Good to know. “I just feel like a slug, you know? Big and blobby and slow. And she’s so tiny and trim and perfect, and she can probably kick ass while mine’s twice the size it used to be, because I still can’t fit into my pre-pregnancy clothes…”
“You’re fine,” Grimaldi said, her lips twitching. “You’re not a slug. You’re not big or blobby. You have a husband who loves you, and a beautiful baby. But you’re right: she probably can kick your ass. So can I, if it comes to that.”
“I don’t mind you,” I said. “You’re not after my husband.”
“She’s not, either. If she were interested on a personal level, that kiss would have told her how unlikely it is that he’d be interested in her. And I disabused her of the notion that he’s a criminal. She didn’t like it much, but she believed me.”
“Then I guess she’s going to have to settle for arresting the killer,” I said, “when we find him.”
Grimaldi nodded. “Although I hope to slap those handcuffs on myself. I don’t mind if she’s there, though. Just as long as she’s not getting in my way.”
“Sounds like a plan,” I told her, as we swung into the parking lot behind the police station, into the prominent slot reserved for the chief of police, and she cut the engine.
Inside the front doors, she sat Carrie and me down behind the front desk with the young man on duty.
“Officer Rehman.” She gave him a nod.
“Ma’am.” He blushed, and reminded me rather forcibly of my buddy Officer Truman in Nashville, who did the same thing whenever someone female spoke to him.
The resemblance ended there, though. They were both young, but George Truman was a peach-fuzzed blond, while Rehman was as black-haired and dark-eyed as Truman was fair.
“This is Mrs. Collier and her little girl.” Grimaldi nodded to me and Carrie, awake and cooing in her car seat. “I want you
to show her the camera footage from outside the building this morning.”
“Ma’am?” Rehman reddened further.
“Someone filmed my husband and me outside the front door earlier,” I said, before Grimaldi could yell at Rehman and make him feel worse. “The video appeared on social media. We’re trying to figure out who it was.”

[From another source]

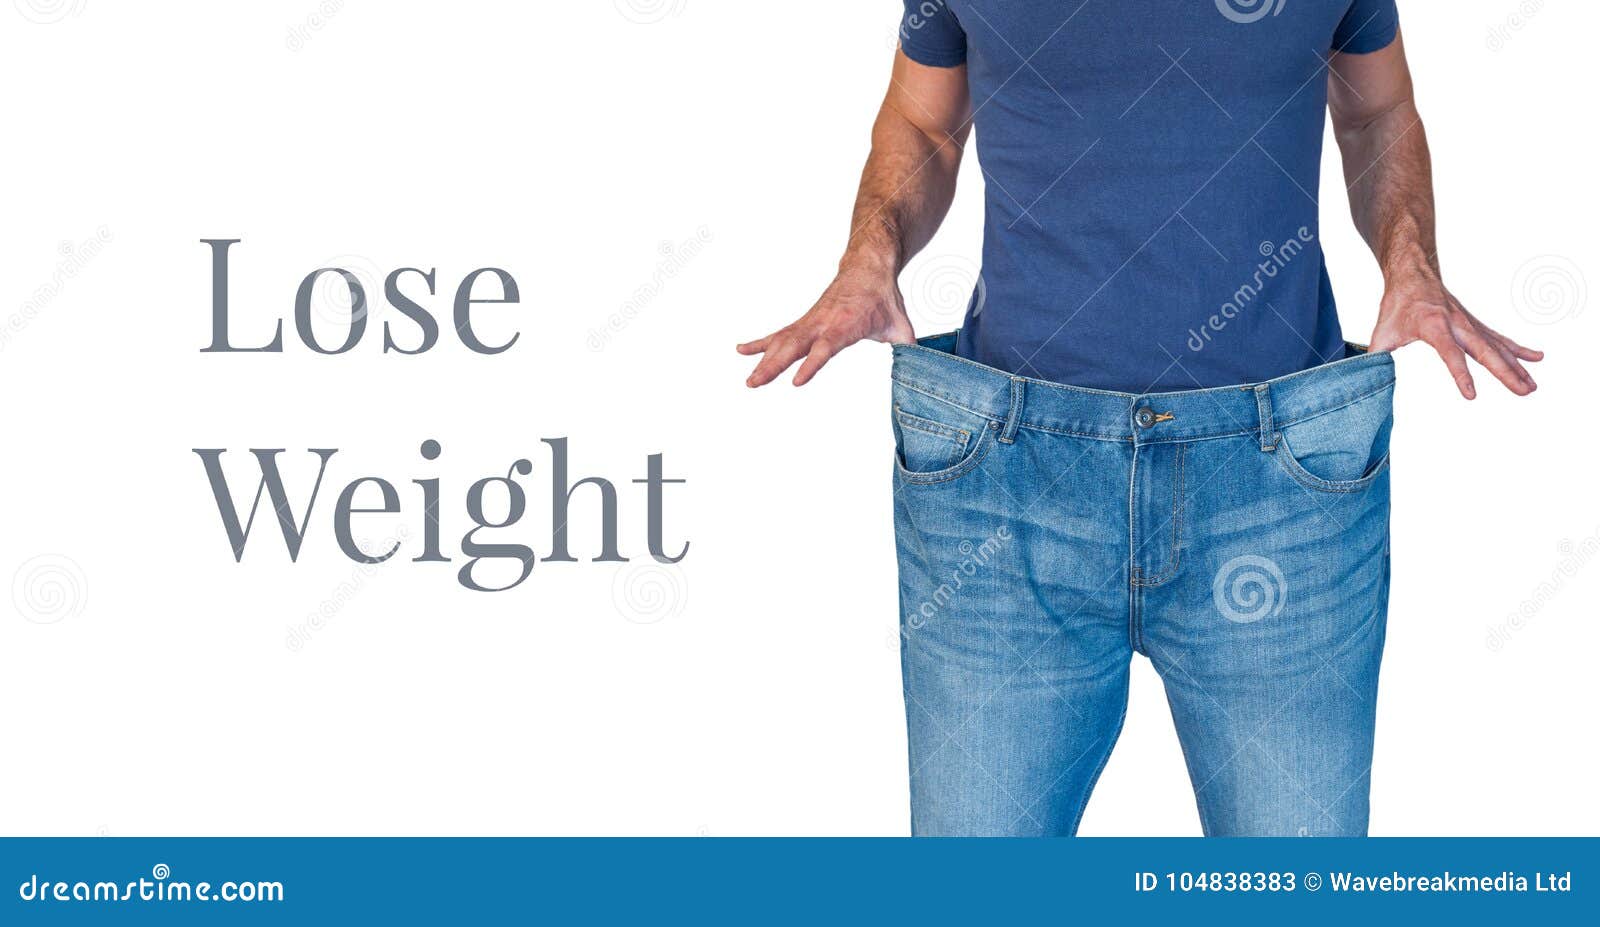 lose weight text and man with oversized jeans

“Oh.” Rehman turned to one of the computers and began to manipulate buttons. Grimaldi withdrew, but not without an annoyed shake of her head. I waved her off before I looked at the eight little screens that each showed a small part of the police station.
“This one.” From the angle, it looked like it was placed in the corner above the front door. “This one and that one.” One on each side of the building, turned toward the middle, filming the street and the cars going by. “Are any of the others overlooking the front?”

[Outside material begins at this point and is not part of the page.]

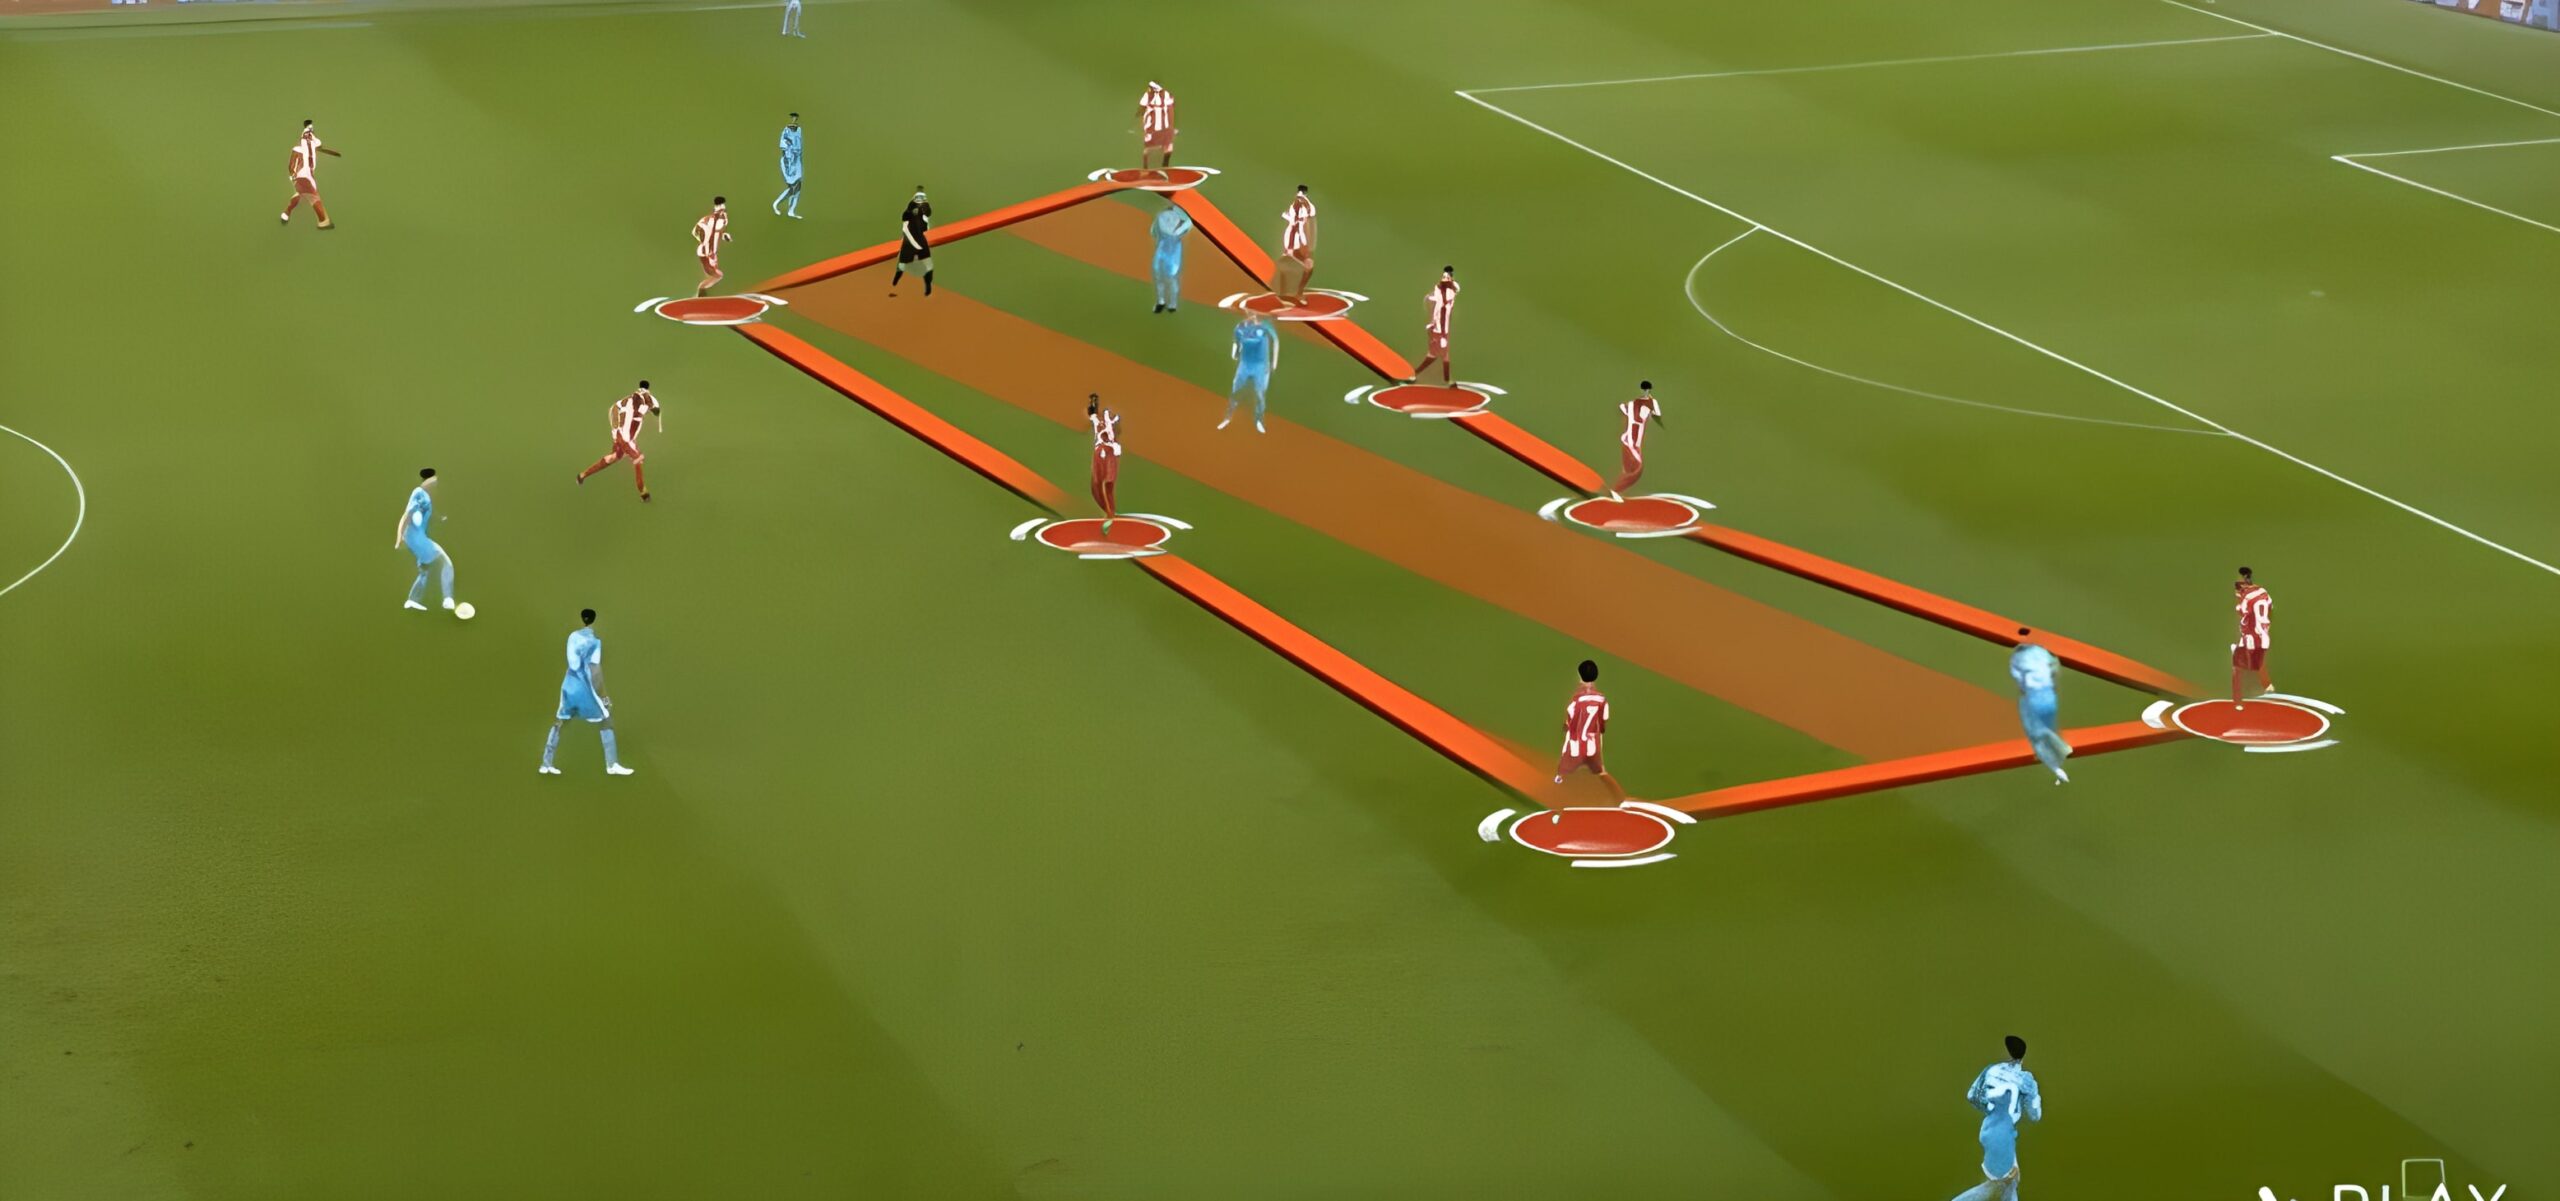 Atletico Madrid play a low block against Manchester City

Rehman shook his head. “Just those three. What was the angle of the video?”
“I’ll show it to you,” I said, and dug my phone out of the bag I’d dropped on the floor. It was already cued up on the video, from watching it before, and I started it playing and handed it to Rehman. And watched him blush a bright, painful red as he watched.

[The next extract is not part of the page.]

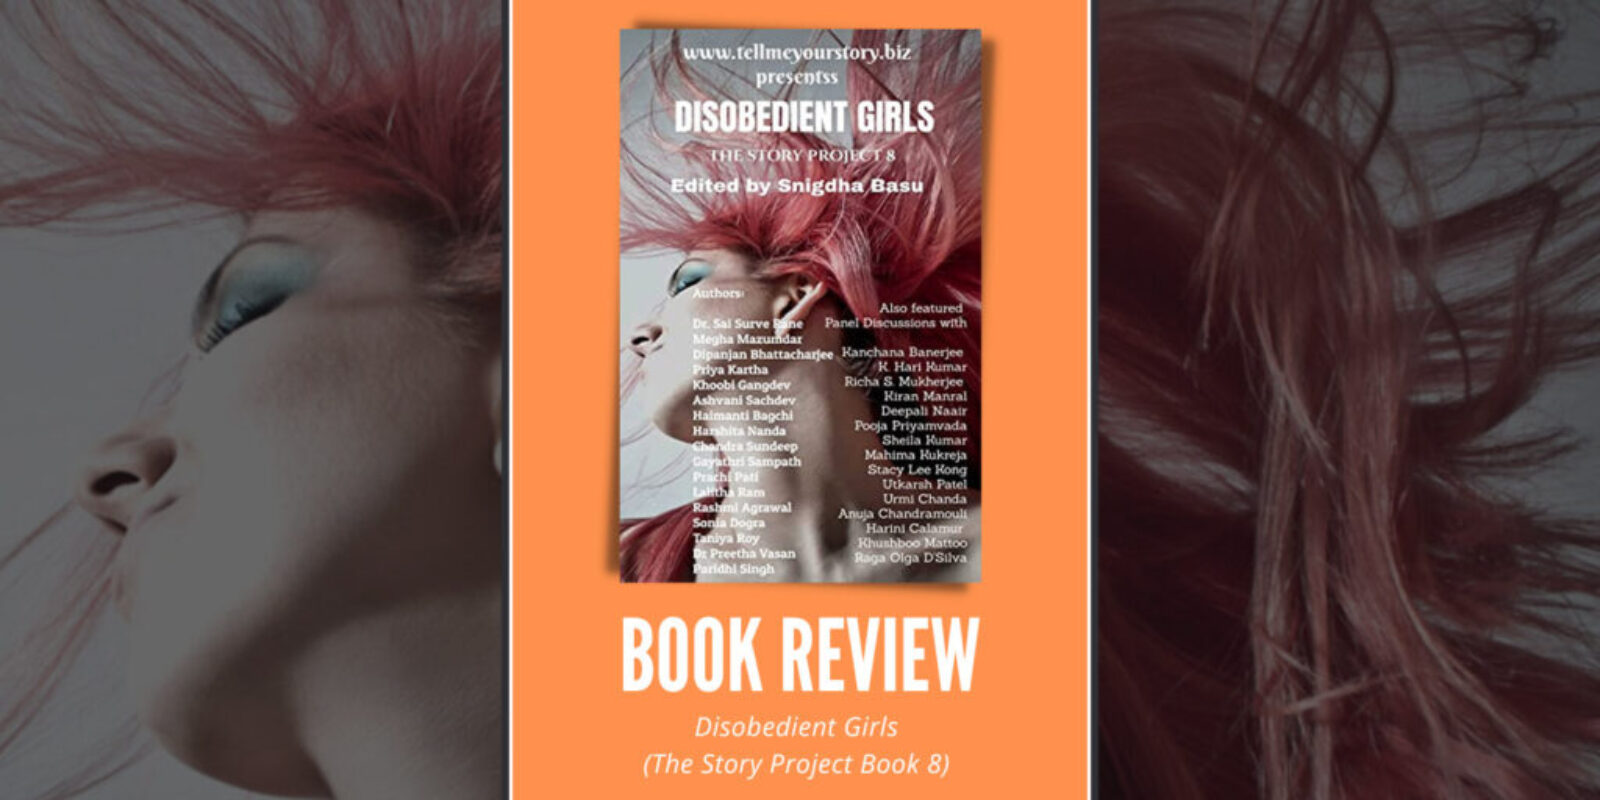 Disobedient-Girls-The-Story-Project-Book-8-Book-Review-Header

He handed it back without meeting my eyes. “Looks like whoever filmed it was parked down on the other end. If he—”
“She,” I said.
Rehman nodded. “—if she didn’t cross in front of the police station before parking, it isn’t likely we have her on camera.”
No, it wasn’t. It was most likely she’d come from outside downtown up to the police station, rather than going around City Hall and down the street past the police station before parking. Most people tend to avoid driving straight through the town square if they can avoid it.
“Just see if there’s anything helpful,” I told Rehman. “Anything would help. We have no idea who this person is, other than that she keeps hanging around and filming my husband. And since he has a habit of attracting nutcases, it’s concerning.”